Pentazocine is a partial-agonist synthetic opioid of the Benzomorphan family. It was originally created in 1958, and began to be used in medical practice around the world in 1967. Brand names include Talwin and Talacen.

http://en.wikipedia.org/wiki/Pentazocine

Tripellenamine is a first generation Ethylenediamine-class Anti-Histamine. It has been replaced by newer classes of Histamine antagonists, but was one of the first to be created and used medicinally (created in 1943). Brand names include Pyribenzamine (PBZ) and Pelamine.

http://en.wikipedia.org/wiki/Pyribenzamine

The Intravenous combination of Pentazocine + Tripellenamine was a sort of fad among certain segments of the Heroin using population of the US from the 1970's to 1980's. It was said to be used by Heroin addicts in place of Heroin when it either wasn't available to the user, or they couldn't afford it.

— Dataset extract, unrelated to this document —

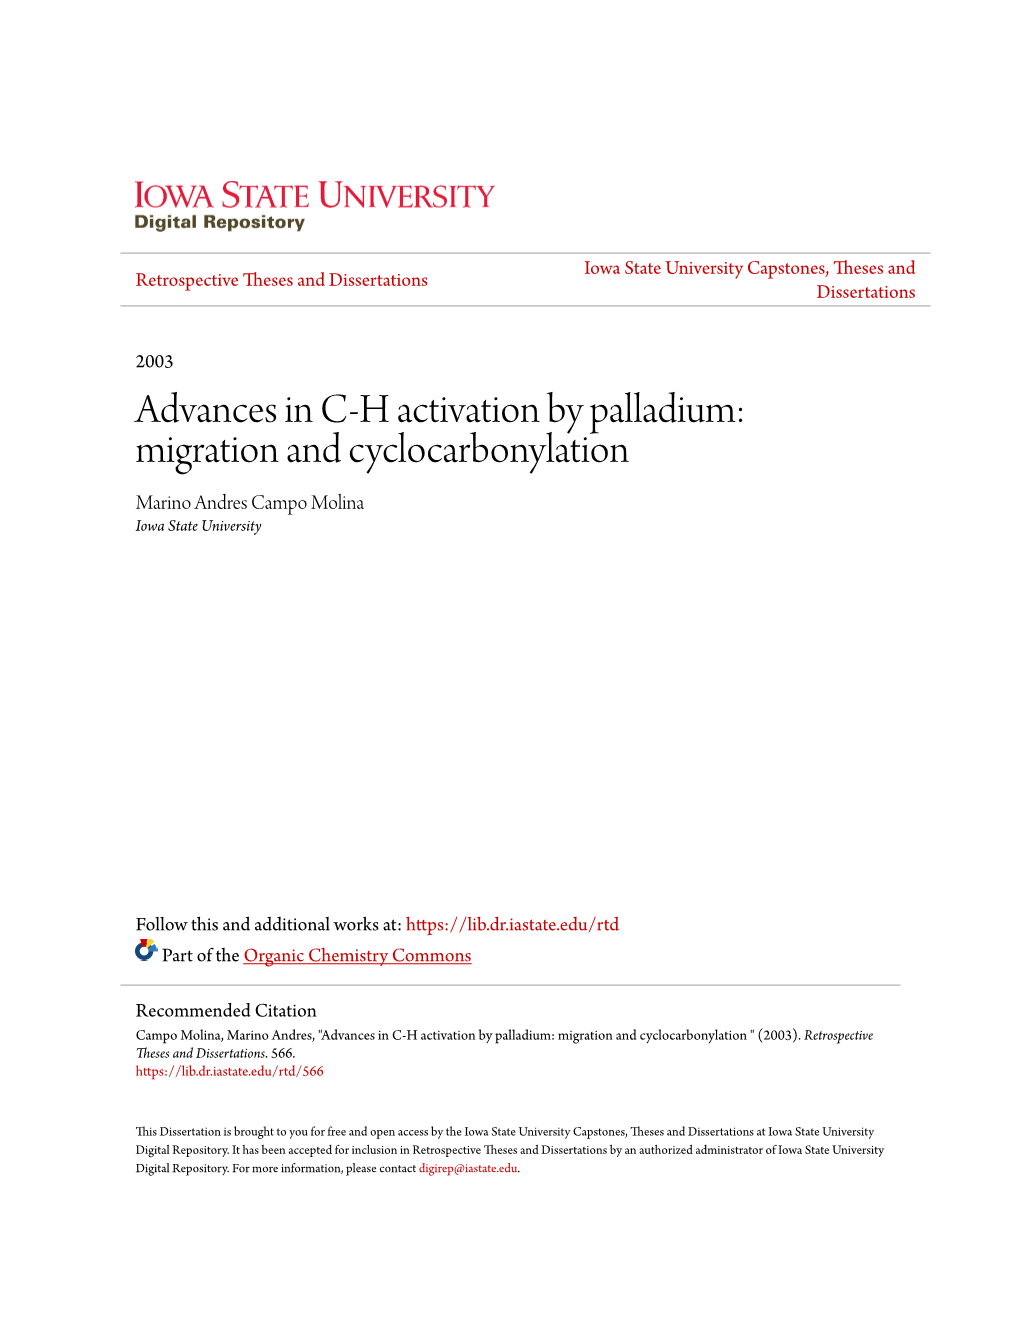 Migration and Cyclocarbonylation Marino Andres Campo Molina Iowa State University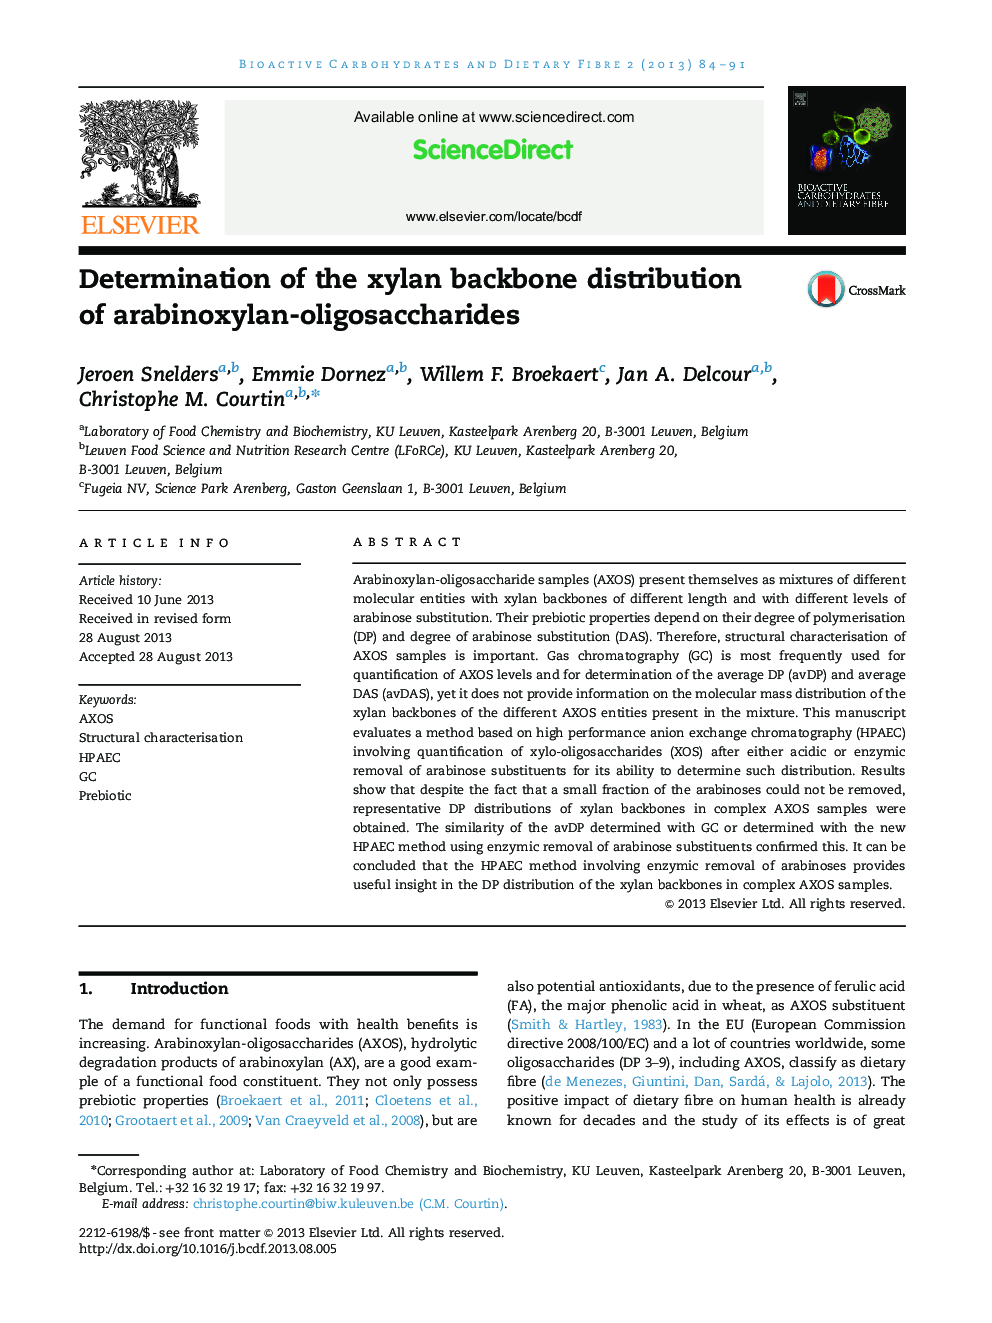 Determination of the xylan backbone distribution of arabinoxylan-oligosaccharides

The combinations main slang name is T's And Blues. T for the first letter of the common brand name for Pentazocine, Talwin, and Blues for the color of the Tripellenamine tablets.

Other variations of this slang term and other slang terms for this combination include:

T's and B's, Tease and Pies, Teddies and Bettys, Tops and Bottoms, Tricycles and Bicycles.

http://parentingteens.about.com/cs/herpes/l/blsldicher.htm

To get to the origins of T's & Blues, you first have to discover an earlier drug combination: Blue Velvet (IV injection of Paregoric & Tripellenamine)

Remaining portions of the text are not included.